Roadmap for atomic floating point support?

Atomicadd for floats has been supported in CUDA since Fermi (circa 2010), but such feature still does not seem to be supported in the latest OpenCL specification. curious is this on the roadmap?

right now I am using the only known hack to get around this problem (via atomic_xchg)

but it gives me too much overhead on some processors - for example, for Intel CPU, this while(atomic_xchg()) line costs me about 25% of the run-time (in comparison, my CUDA equivalent version of this kernel shows less than 1% latency for atomicadd).

if there is no known timetable for this feature, are there evolved solution to do this with better efficiency?

A classic variant of Igor Suhorukov should be faster as it involves only one atomic_cmpxchg operation per loop iteration instead of two atomic_xchg. Guys from StreamHPC have their own variant and suggest that it is even faster, however in my code on AMD GPUs it is of the same performance. Sorry, I cannot include links normally.

http://streamhpc.com/blog/2016-02-09/atomic-operations-for-floats-in-opencl-improved

hi Melirius

thanks for the links. I just tested the two variants you suggested (the two versions on the streamhpc link, AtomicAdd_g_f and atomicAdd_g_f ), unfortunately, they performed quite poorly.

In fact, on the AMD GPU (Vega II, ROCm 2.4 driver), the 2nd variant ( atomicAdd_g_f ) produced a speed that is about 1/7 of the speed compared to the version currently in my code [1] with 2x atomic_xchg,

the first version ( AtomicAdd_g_f ) is faster, produced about 1/3 of the speed on the Vega II. The performance on NVIDIA GPU is even worse - on my TitanV GPU, the speed drop from 35803.80 photon/ms to 681.49 photon/ms, a 52x slow down !

Both tests were run on Linux host (Ubuntu 16.04) with the update to date driver. I was a bit surprised how much this single function can change the performance so dramatically.

if anyone wants to reproduce this, please check the codes and run benchmarks using this github post:

Qianqian

[1] mcxcl/mcx_core.cl at 0fe7813fe789489278075965988ae623d984ad6d · fangq/mcxcl · GitHub

I have exactly the opposite effect. My code makes multidimensional integration so it involve quite a lot of atomic floating-point additions, however integrand function evaluation is still the most time-consuming part. My fast notebook result by Oland GPU is 438 s for your variant vs 362 s for GROMACS variant on 15.200.1065.0 AMD drivers for Win10 x64. Cannot test on my main Tahiti GPUs yet, they are at work for another week or so. (Yes, I need double precision, so Tahiti are my best friends.)

Have you checked that new function does not change the size of the code to blow it out of the cache, and register pressure does not change number of waves in flight?

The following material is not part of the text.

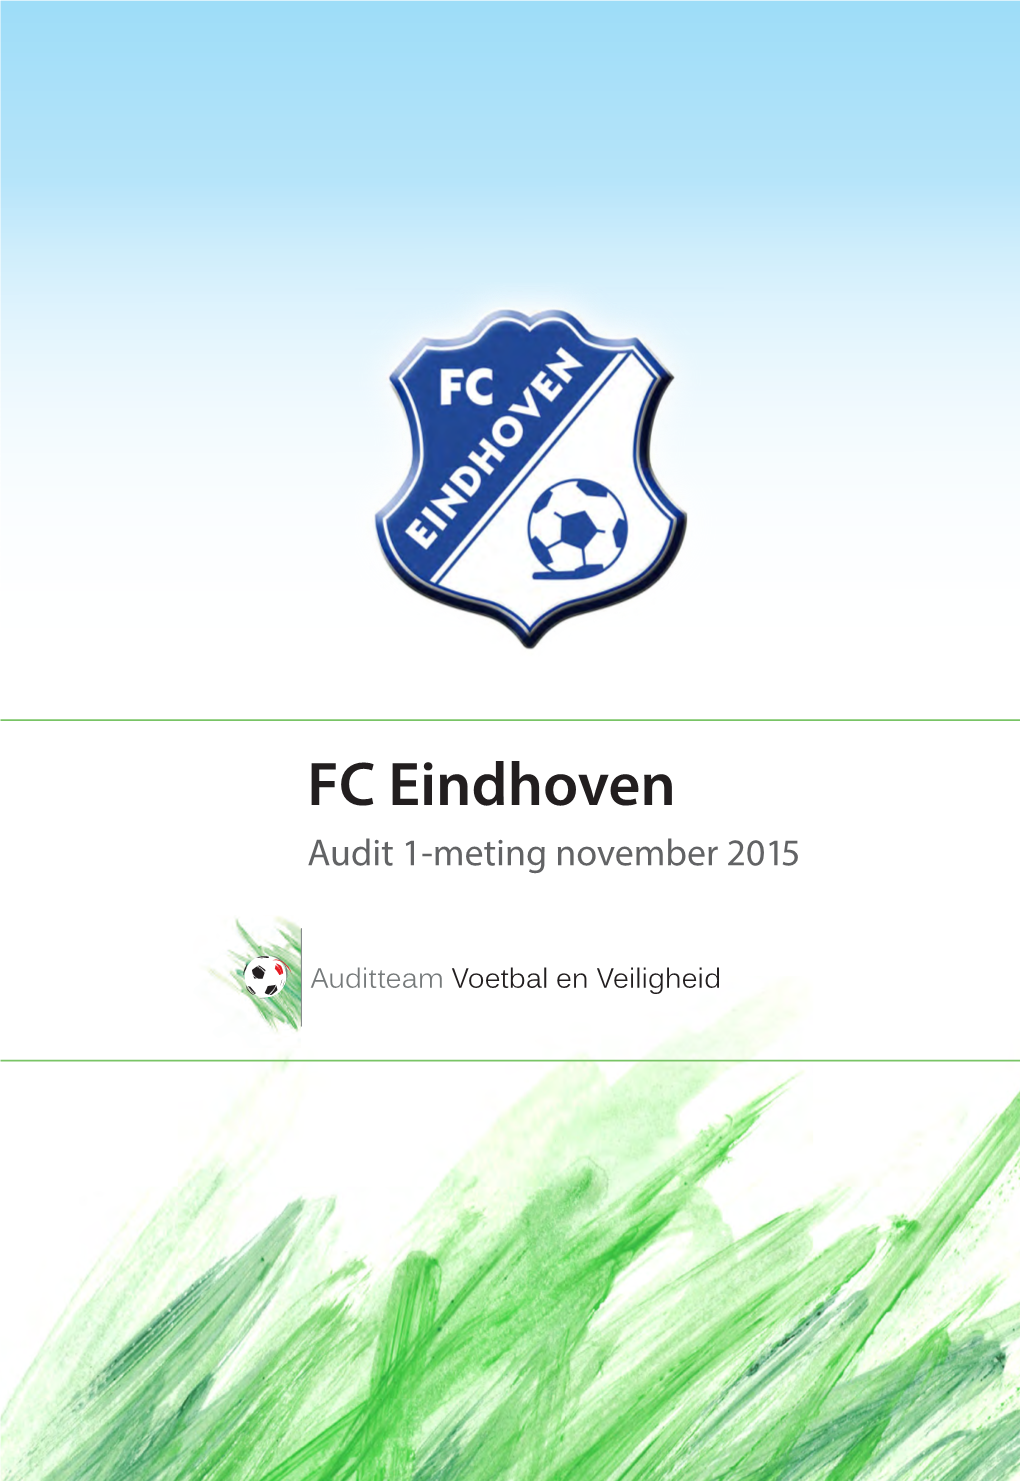 FC Eindhoven Audit 1-Meting November 2015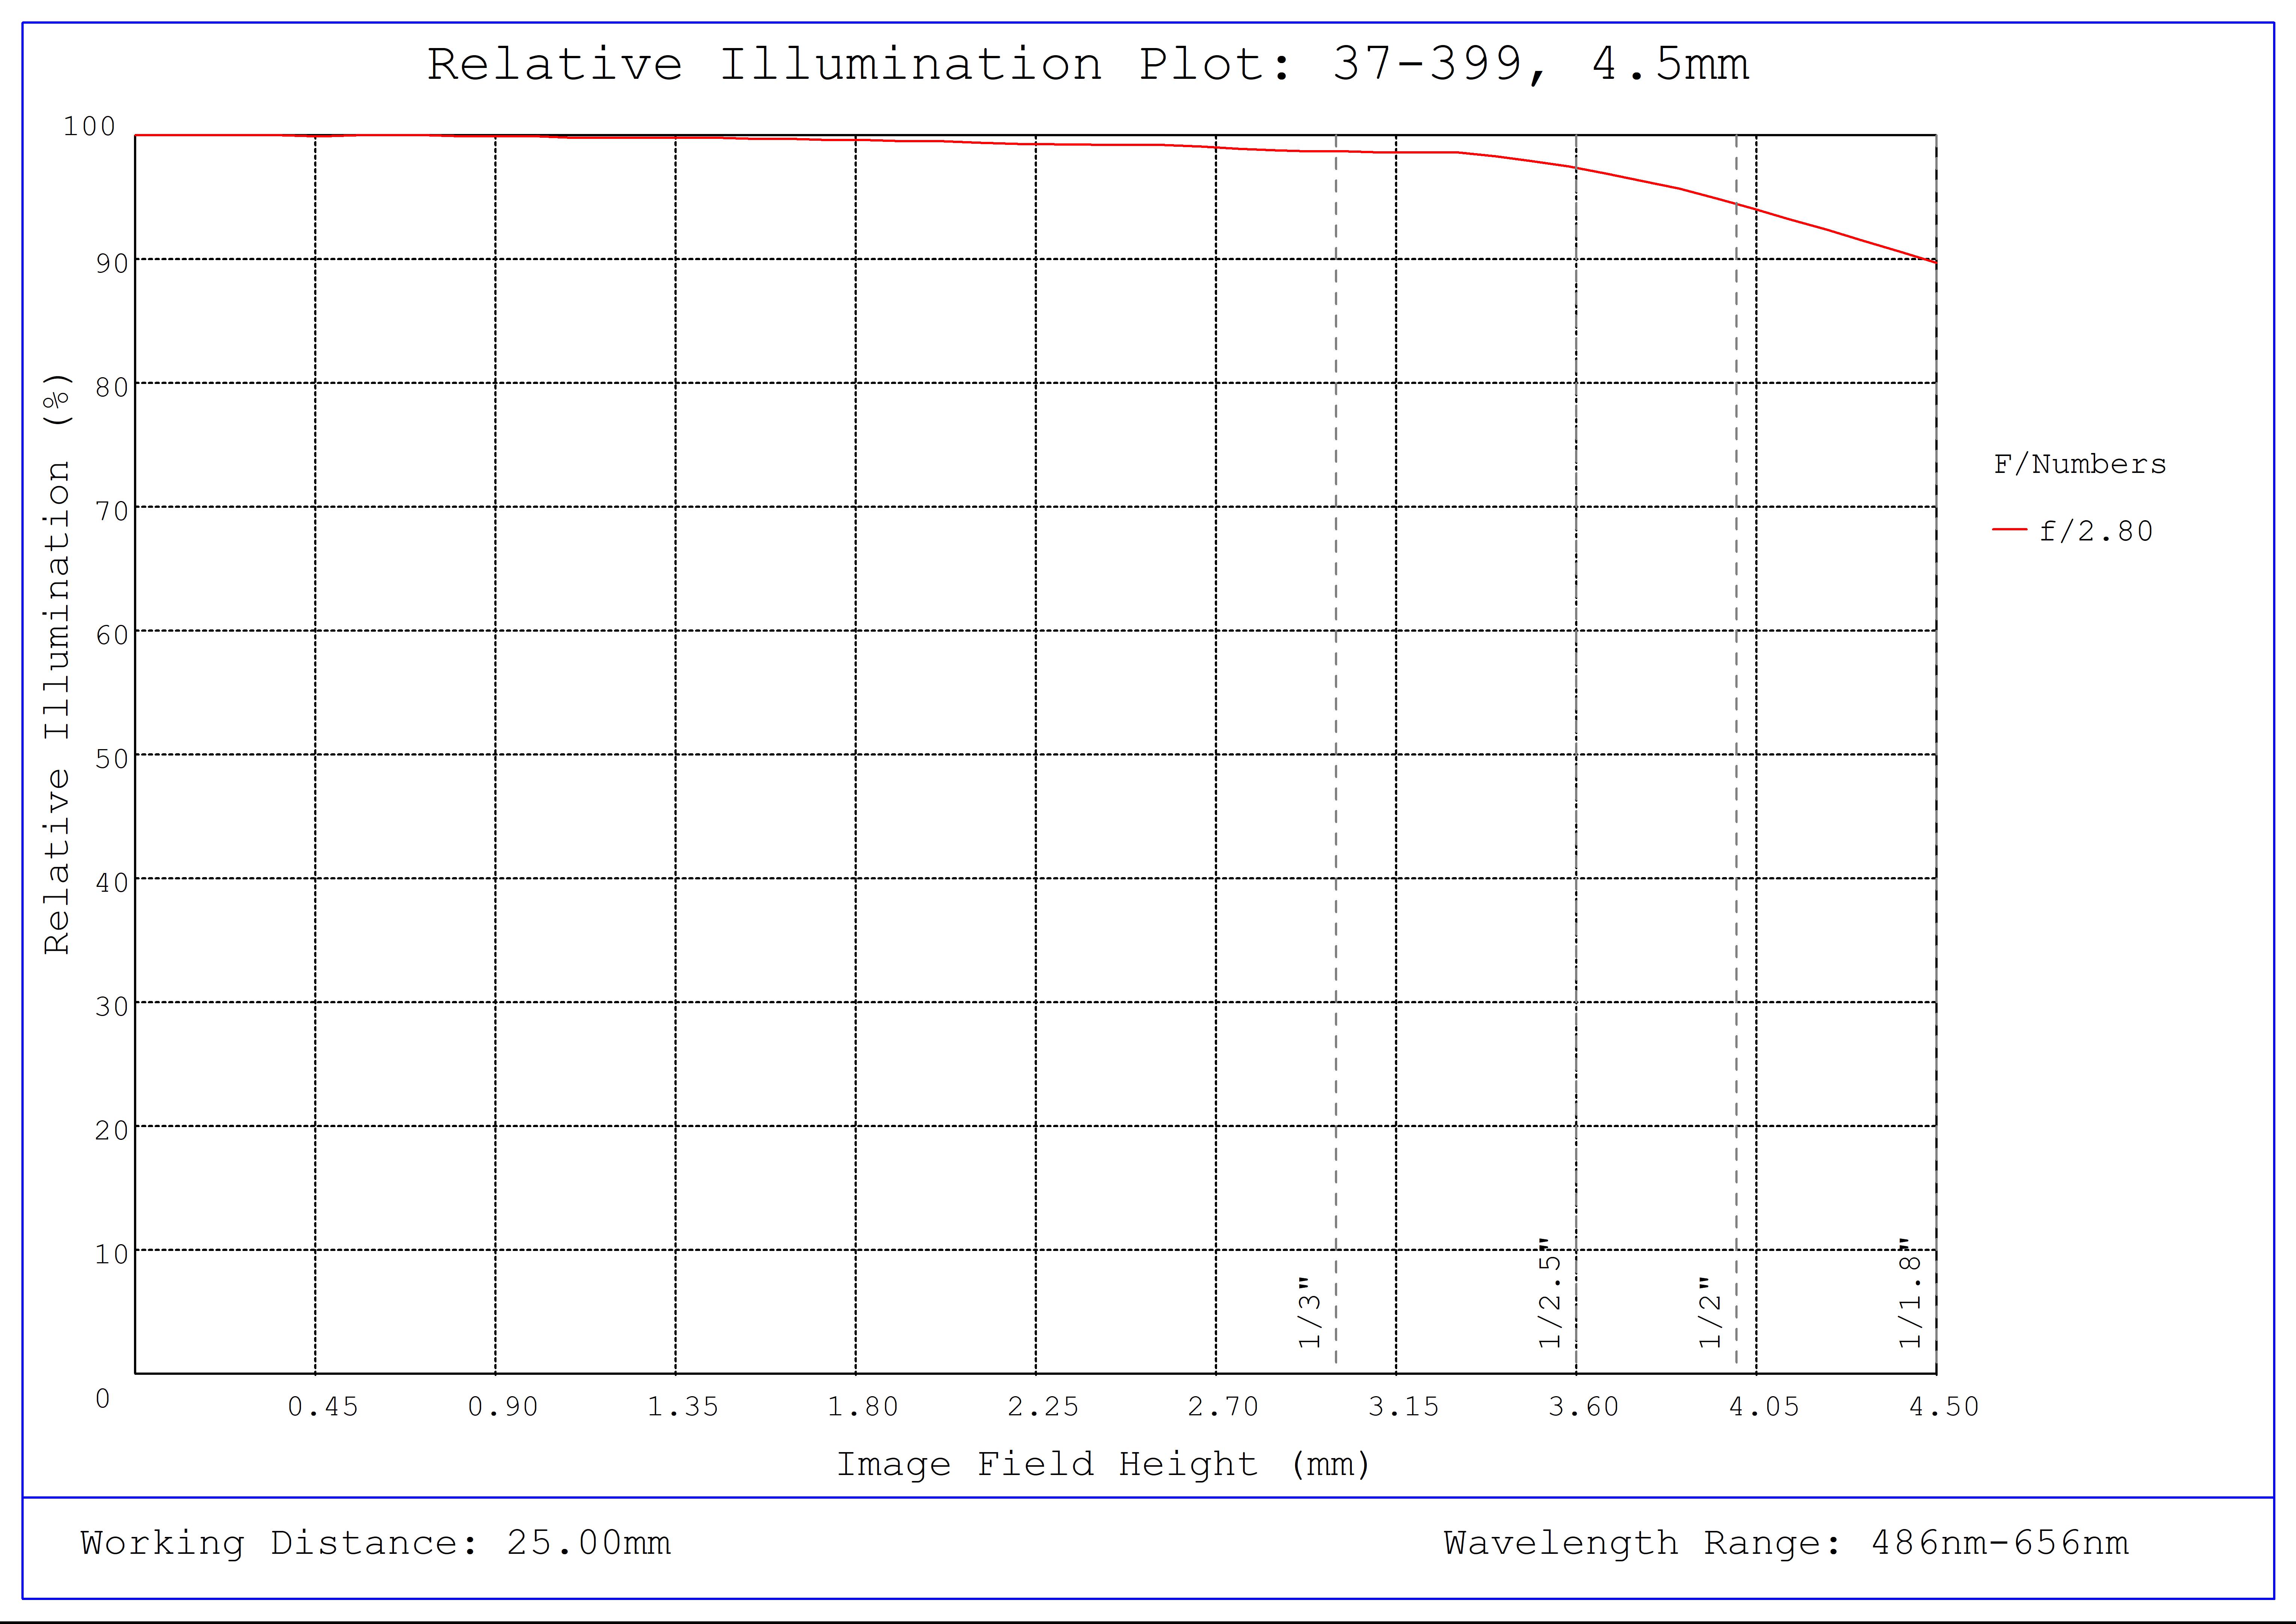 #37-399, 4.5mm, f/2.8 Cr Series Fixed Focal Length Lens, Relative Illumination Plot

Extension of your variant to doubles is not as simple as it may seem due to no atom_xchg for double, only for long and ulong. My variant again uses unions:

typedef union {
	ulong intVal;
	double floatVal;
} uni;

inline void atomic_add_local(local double * source, const double operand) {
	uni old;
	old.floatVal = operand;
	uni t, t1;
	t1.floatVal = 0.0; // to ensure correct double bit representation of 0
	do {
		t.intVal = atom_xchg((local ulong *)source, t1.intVal);
		t.floatVal += old.floatVal;
	} while ((old.intVal = atom_xchg((local ulong *)source, t.intVal)) != t1.intVal);
}

Results for doubles on the same workload are 3707 s vs 4215 s again in favour of atom_cmpxchg variant.